**** Exercise materials ****
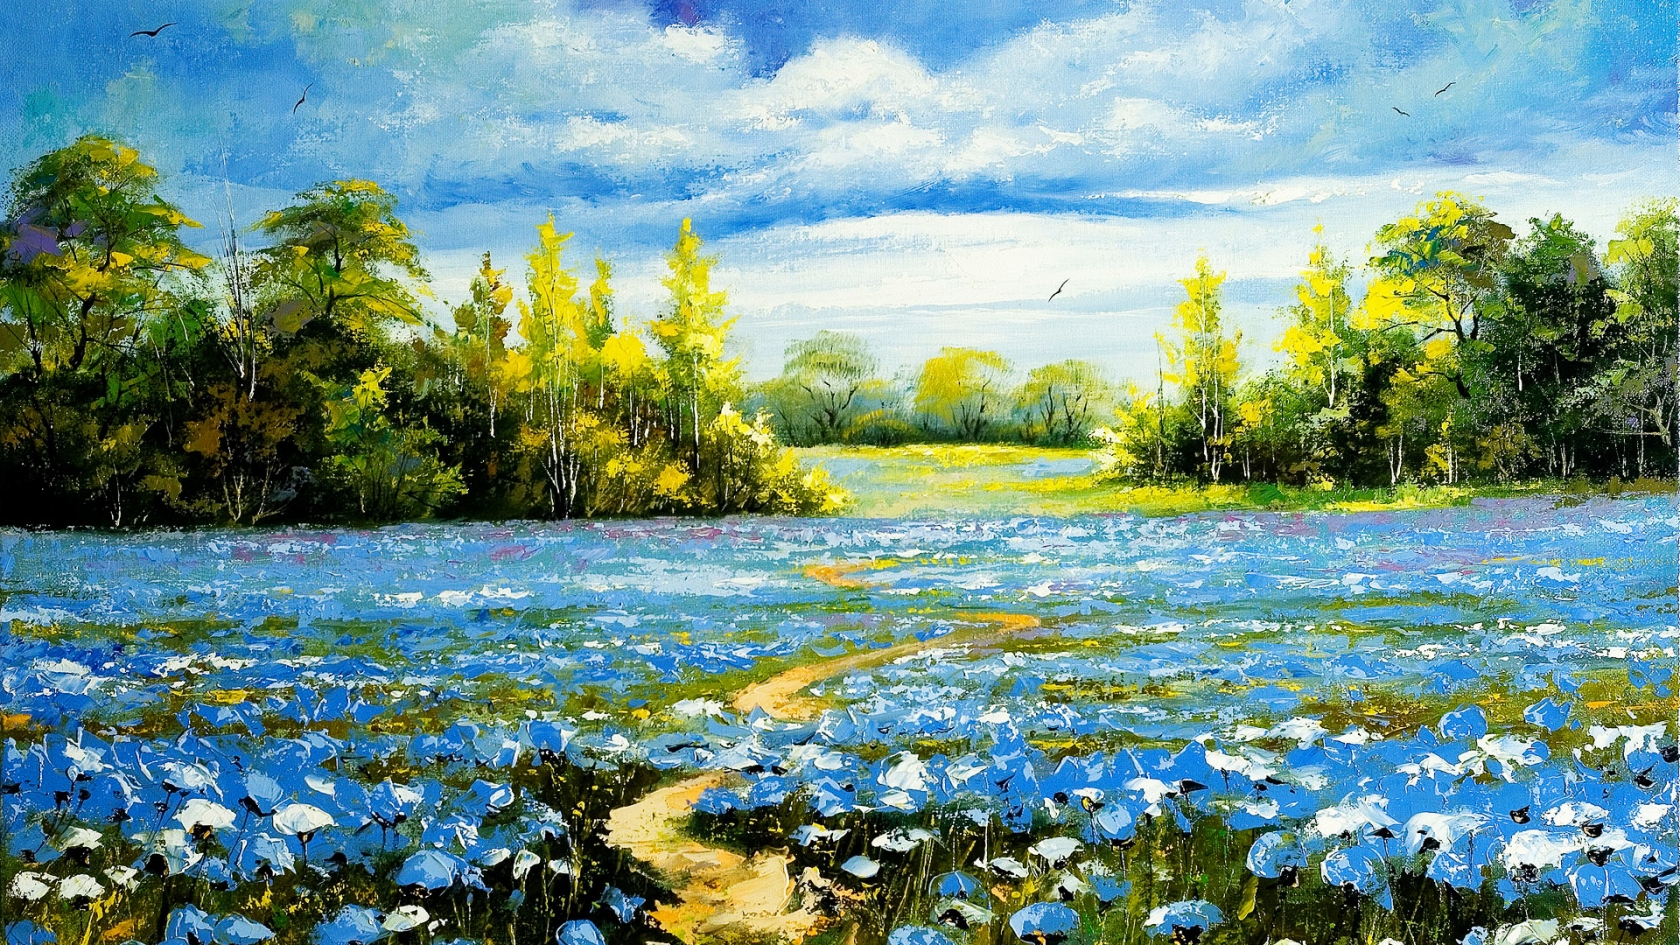 Landscape Oil Painting for 1680 x 945 HDTV resolution
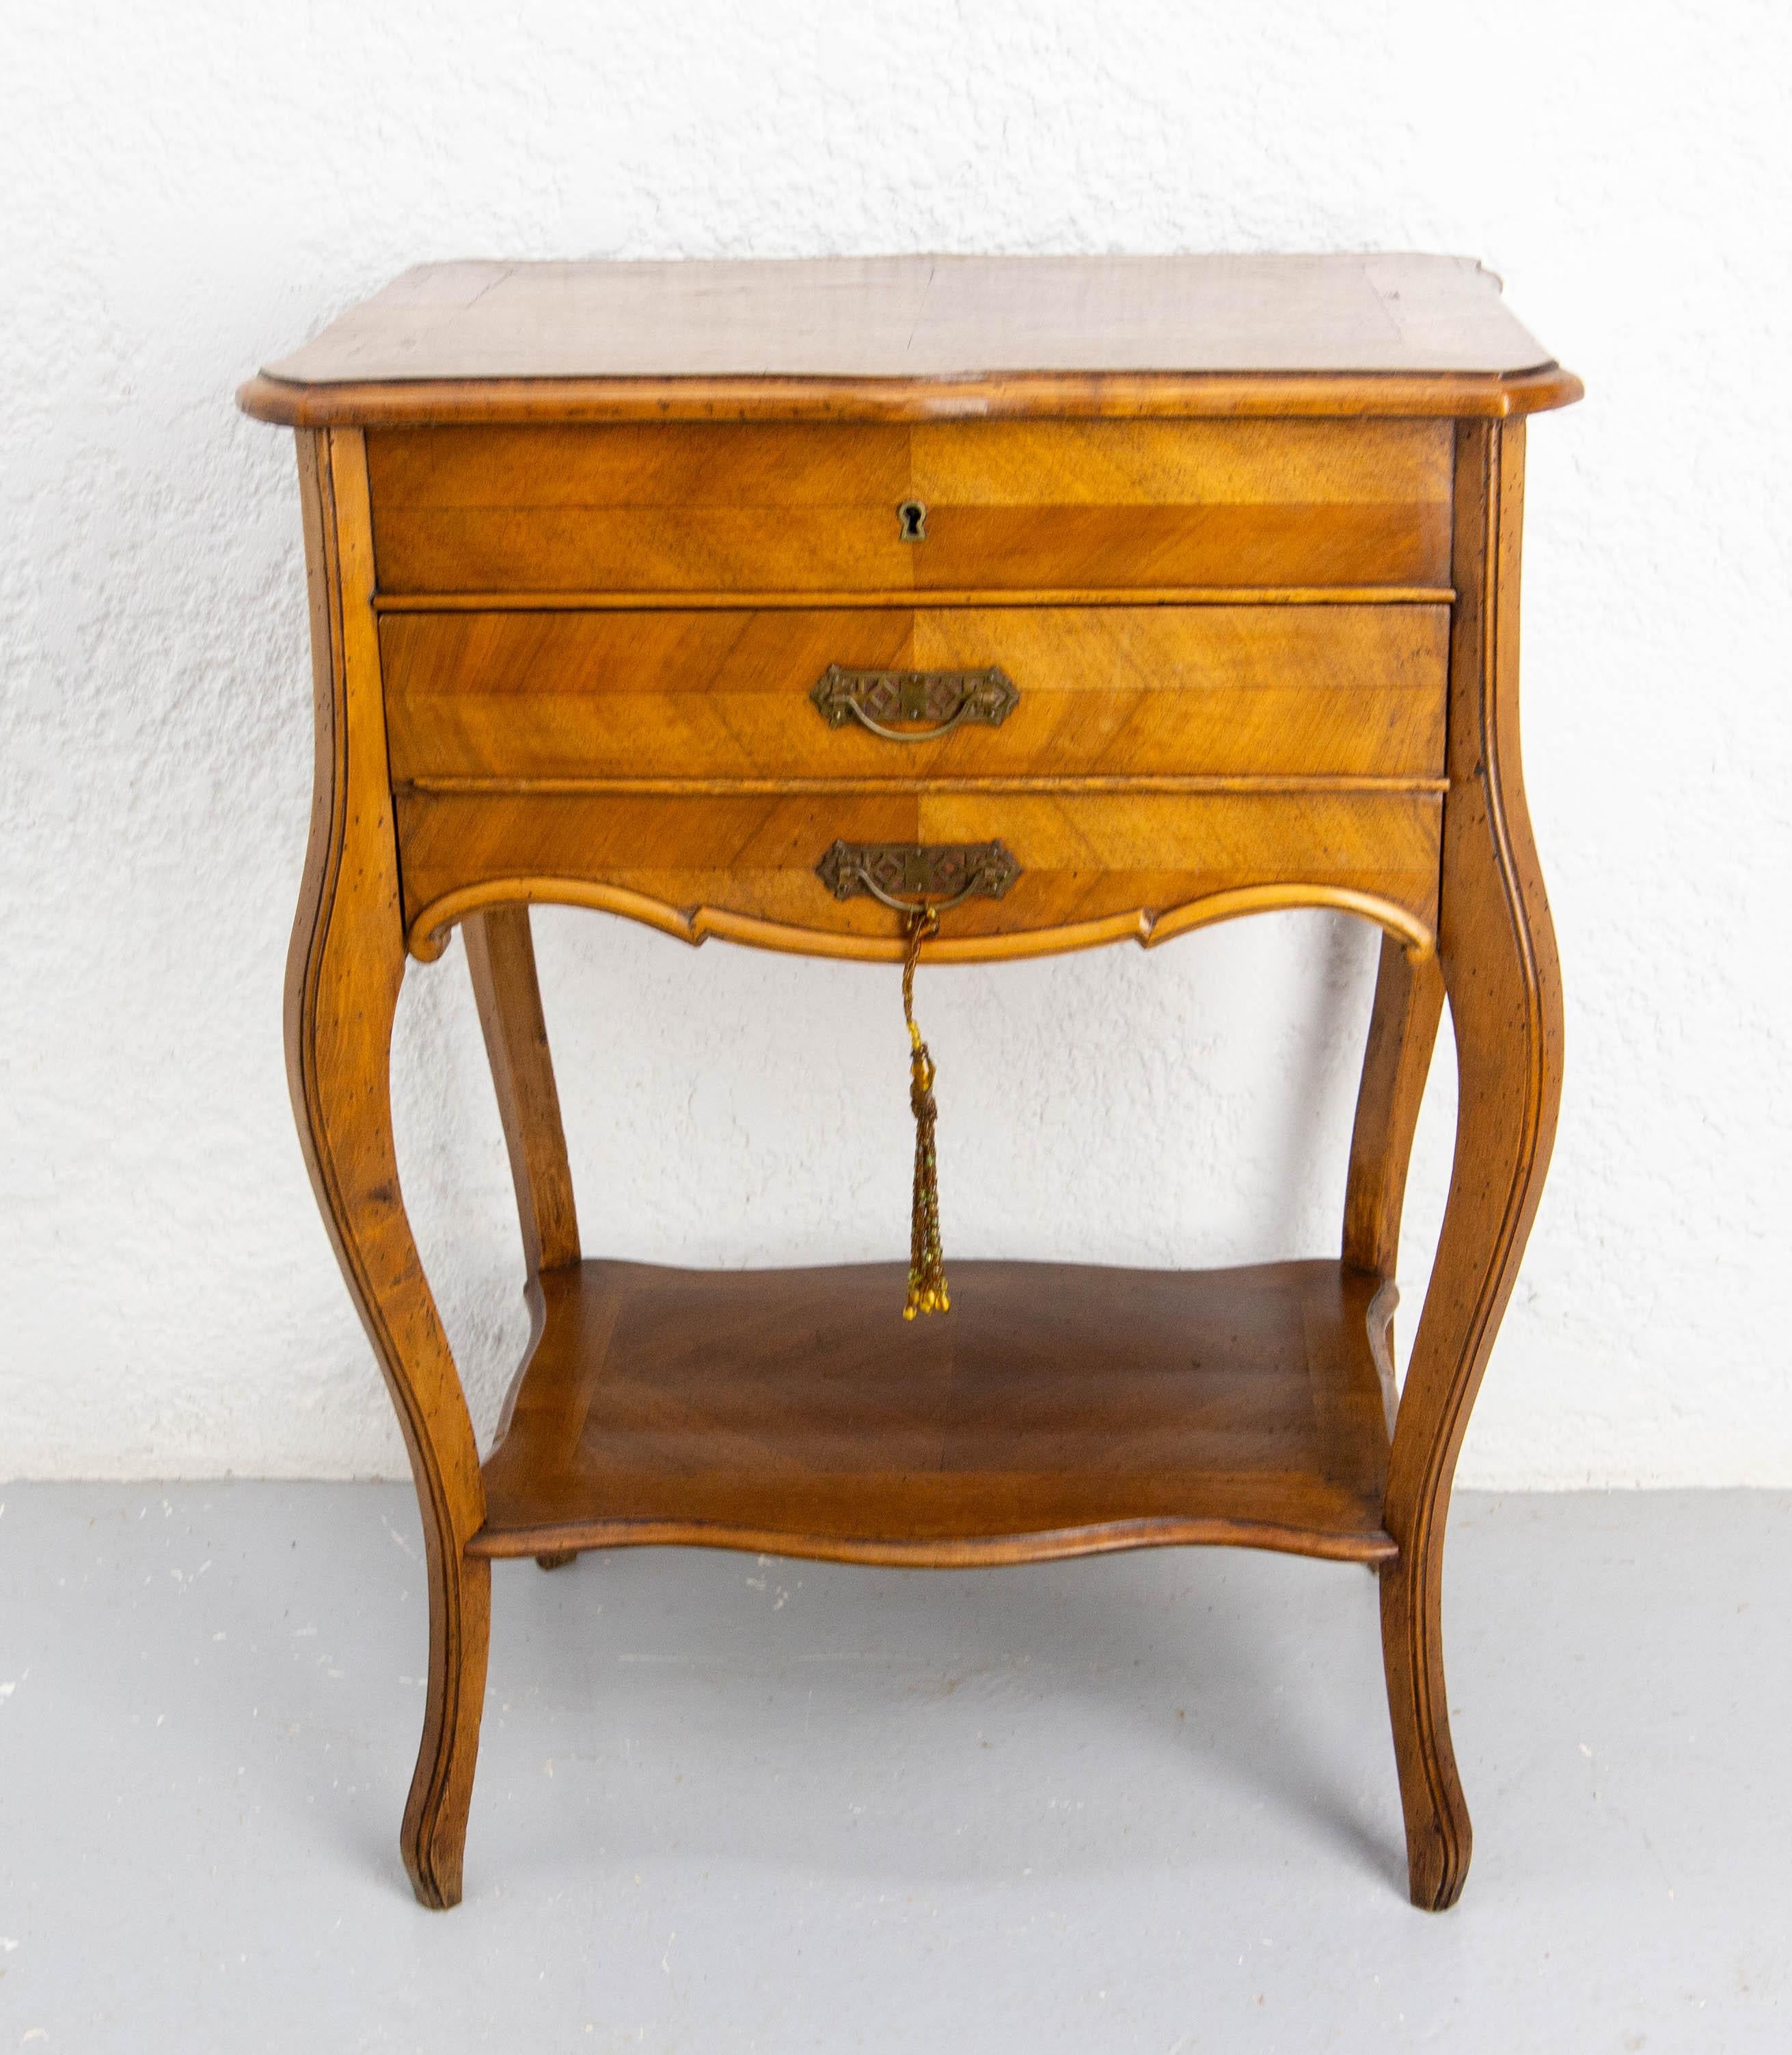 Antique sewing table, made circa 1900 in the Louis 15 style.
The lift-up lid opens up to reveal storage compartments for sewing materials. It also reveals a little beveled mirror.
Good antique condition, with minor signs of age and wear: the bottom
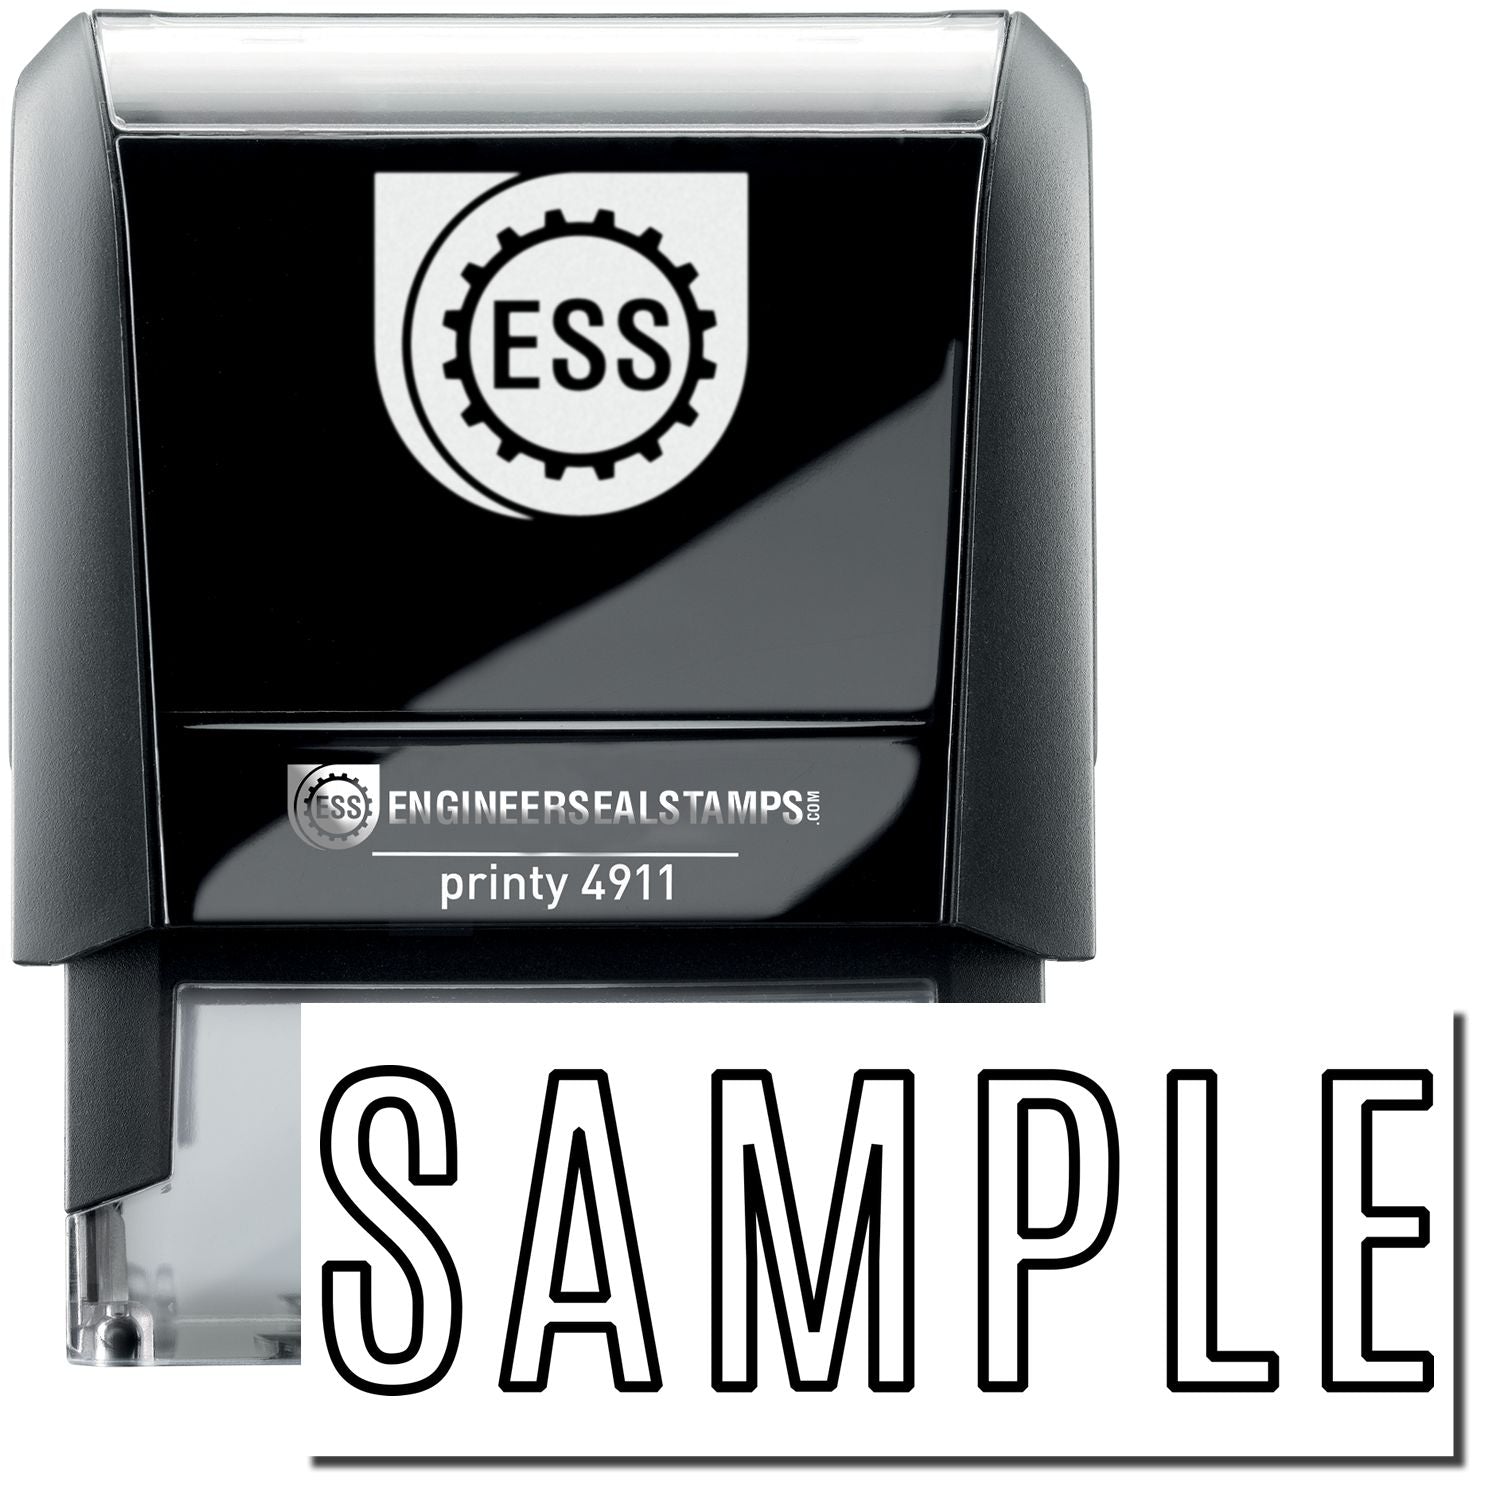 A self-inking stamp with a stamped image showing how the text "SAMPLE" in an outline style is displayed after stamping.
****
* [Exercise requirements] With the pictures left out, please output each line from the one containing "Good antique condition, with" through the end of the entries, exactly as it is.

* [Response]
Good antique condition, with minor signs of age and wear: the bottom
 A self-inking stamp with a stamped image showing how the text "SAMPLE" in an outline style is displayed after stamping.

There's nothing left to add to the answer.